Летурно советует к таким ущербным людям, гомосексуализмом охваченным, относиться с пониманием и не осуждать, а даже помогать, то есть не упрятывать их в темницы разные вроде психушек, а кафе для них открывать, давая возможность общения. А то взяли моду, как только гомосексуалист — в психушку его, поскольку закон уж как-то не очень вразумительно сформулирован, и для полной ясности его, индивидуума-гомосексуалиста, объявляли сумасшедшим. А у него, дорогой читатель, такая сложная интеллектуальная психика, что до сумасшествия ему так же далеко, как от земли до неба. И противоречия с разных сторон его раздирают. Всю сложную гамму чувств гомосексуалиста выразил некий господин Г., доставленный в психиатрическую клинику. Он написал такое вот откровение: «Когда я отправлялся в публичный дом, то только за тем, чтобы видеть молодых людей, ибо я — соперник проституток. Когда я вижу молодого человека, то я сначала смотрю ему в глаза. Если глаза мне нравятся, то я рассматриваю его рот, чтобы убедиться, годится ли он для поцелуев, а затем наступает очередь половых органов, с целью убеждения, хорошо ли они развиты. Люди, имеющие мою наклонность, всегда одарены большим талантом. Наша любовь глубока и восторженна. Я считал отвратительным шарить своим половым членом в животе женщины. Как я слышал, именно этим отвратительным способом совершается совокупление. У меня никогда не возникало желания видеть женские половые органы — это мне противно».
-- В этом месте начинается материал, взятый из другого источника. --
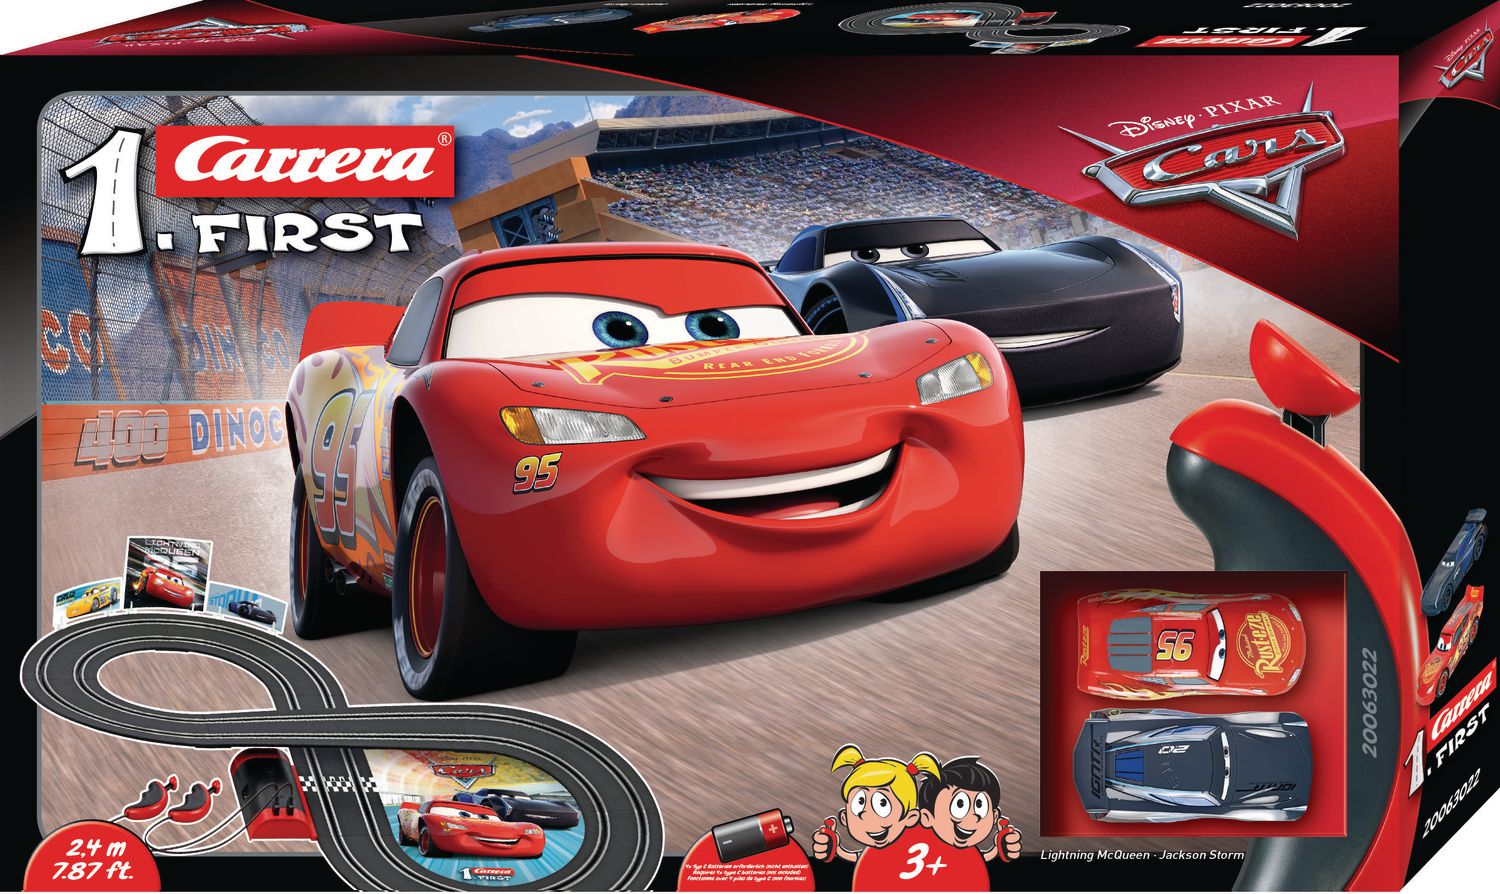 Carrera First Disney Pixar Cars Playset | Walmart Canada

Ну и ладно, уранист ты эдакой! Не дожил ты до нашей эпохи. Наше цивилизованное общество сейчас так исключительно гуманно к гомосексуалистам относится, что они даже жениться друг с другом могут и детей… ну нет, плодить детей они еще не научились, но вот взять на воспитание ребеночка им закон позволяет (во всяком случае, в Америке), и воспитывать сынка они будут совместно, только один дядя будет мамой, а другой папой, и все живут дружно!
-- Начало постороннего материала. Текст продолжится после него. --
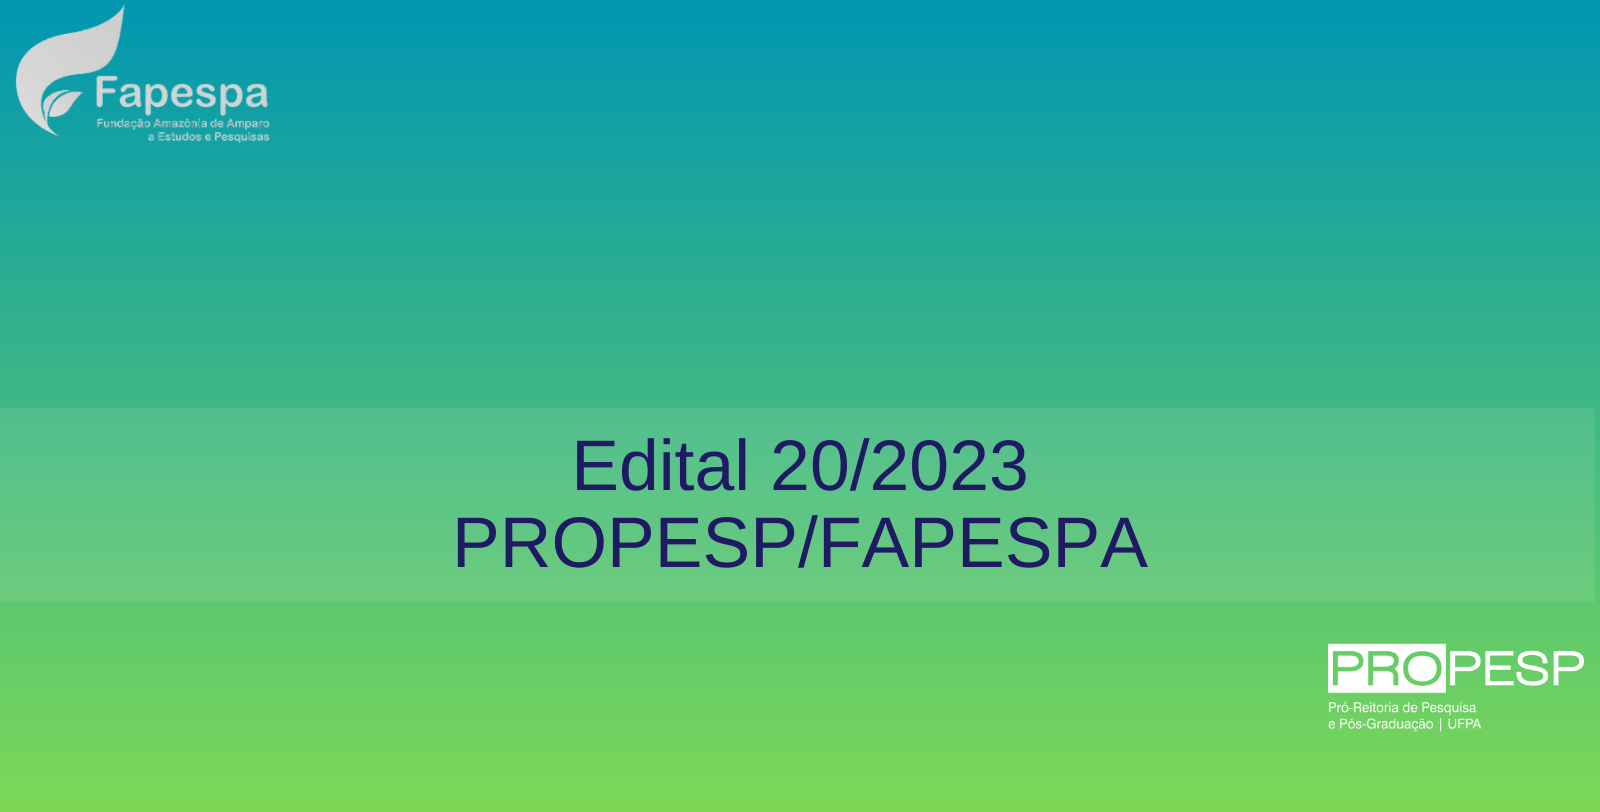 Edital 20/2023 - PROPESP/FAPESPA (Bolsas de Mestrado Profissional) - Resultado Preliminar da 2ª Fase

Но это сейчас так, такой заботой и вниманием они окружены, а еще недавно гомосексуалист совсем запутался с этой неточностью законов и долго понять не мог: порочный он человек или непорочный? Одно утешение для него было, что гомосексуалистами были великие люди. Тут вам и Вольтер и Байрон, Платон и Александр Македонский, Нерон и современник Шекспира Бэкон, великий Фридрих II Прусский и философ и писатель Сен-Симон, и даже Сократ.
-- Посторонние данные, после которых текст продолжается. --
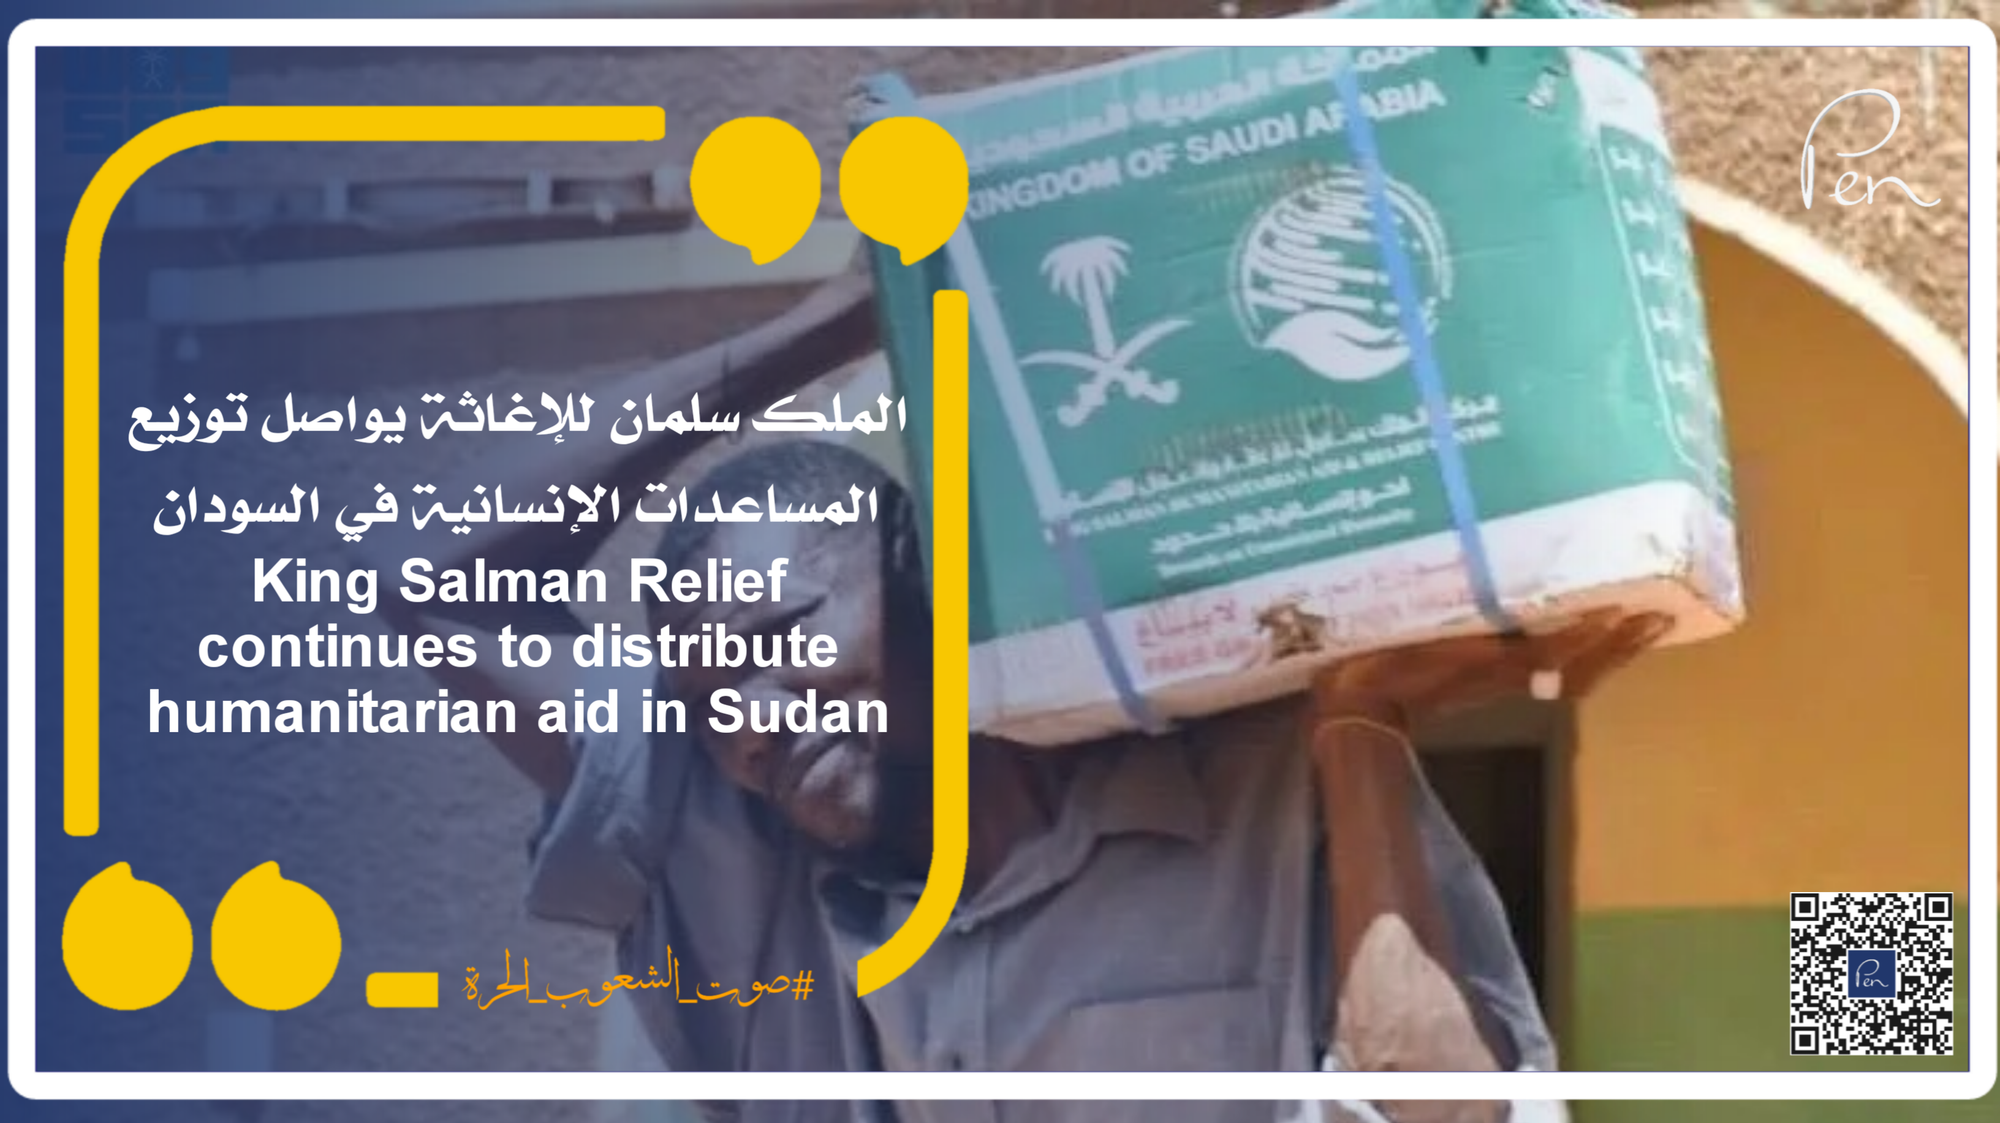 الملك سلمان للإغاثة يواصل توزيع المساعدات الإنسانية في السودان

А все с древности, дорогой читатель, началось. Педерастия во времена классической Эллады пользовалась всеобщим распространением. Отсюда она перешла в Рим, где нашла для себя благодатную почву. Она была распространена в Персии и Китае. Многие не знают, что Александр Македонский был гомосексуалистом. Он хотя и не одну жену имел, но мальчиками не только не гнушался, но даже их предпочитал. И чело его матушки Олимпиады нередко омрачалось при известии об очередной аномалии своего сына. Смерть любимого любовника Гефастиона повергла Александра Македонского в глубокую скорбь. Эту любовную наклонность не мог затмить красивый персидский мальчик Багоас, кастрированный царем Дарием специально для сексуальных практик с ним. Сношения Александра Македонского с этим мальчиком вызвали жгучую ревность его жены Роксаны, так что она даже несколько раз пыталась его отравить. Нерон, имеющий несколько жен, среди которых красавицу Поппею, был явным гомосексуалистом и обожал своего раба Пифагора. В лектике рядом в лавровых веночках сидят, и Нерон поминутно его обнимает и в алые губки целует. Потом захотелось Нерону более пикантных гомосексуальных наслаждений. Он взял красивого раба Спора, приказал его кастрировать. Теперь Спор будет женщиной. И вот кастрированный раб в роскошном женском платье рядом с Нероном в лектике сидит, и император поминутно его в нежную шейку целует. И даже решил свадьбу устроить по всем правилам: новоиспеченных «супругов» Нерона и Спора торжественно в спальню ведут, а придворные их лепестками роз осыпают.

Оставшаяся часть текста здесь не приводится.